The Virus is like a bad movie series that just refuses to die.  There was a controversial but impactful first release that everyone was talking about, even if they didn’t see it.  Then there was the lackluster sequel, which still enjoyed some popular support, even though ticket sales were down.

Now it feels like we’re on the tired third film, which is a watered-down, ineffectual finale (one hopes) to a premise that is played out.  Sure, critics love it, but audiences are tired of its antics.

What still seems to make it into the script of every one of these films is the part where the government bureaucrats lock everything down and release a bunch of ghosts into Manhattan (uh, wait, what?).  Meanwhile, we all kind of sit by and twiddle our thumbs and put our masks on dutifully.

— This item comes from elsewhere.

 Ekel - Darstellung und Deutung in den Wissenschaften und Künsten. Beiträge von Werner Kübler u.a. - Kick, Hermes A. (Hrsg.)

What happened to the band of merry wastrels who tossed tea into Boston Harbor, rather than comply with an odious monopolization of the tea trade?  Or the plucky scofflaws who made it impossible to enforce the Stamp Act?  I’d rather disguise myself as an Indian (feather, not dot) and caffeinate the water supply than put a mask on again (but that would be cultural appropriation, of course).

In short, why don’t we get a backbone, instead of cowering behind masks and locking ourselves indoors?  We’re literally cowering before an invisible enemy with a 99%+ survival rate.

Well, liberty is never easy.  Better to stay inside watching movies and disconnecting from reality, eh?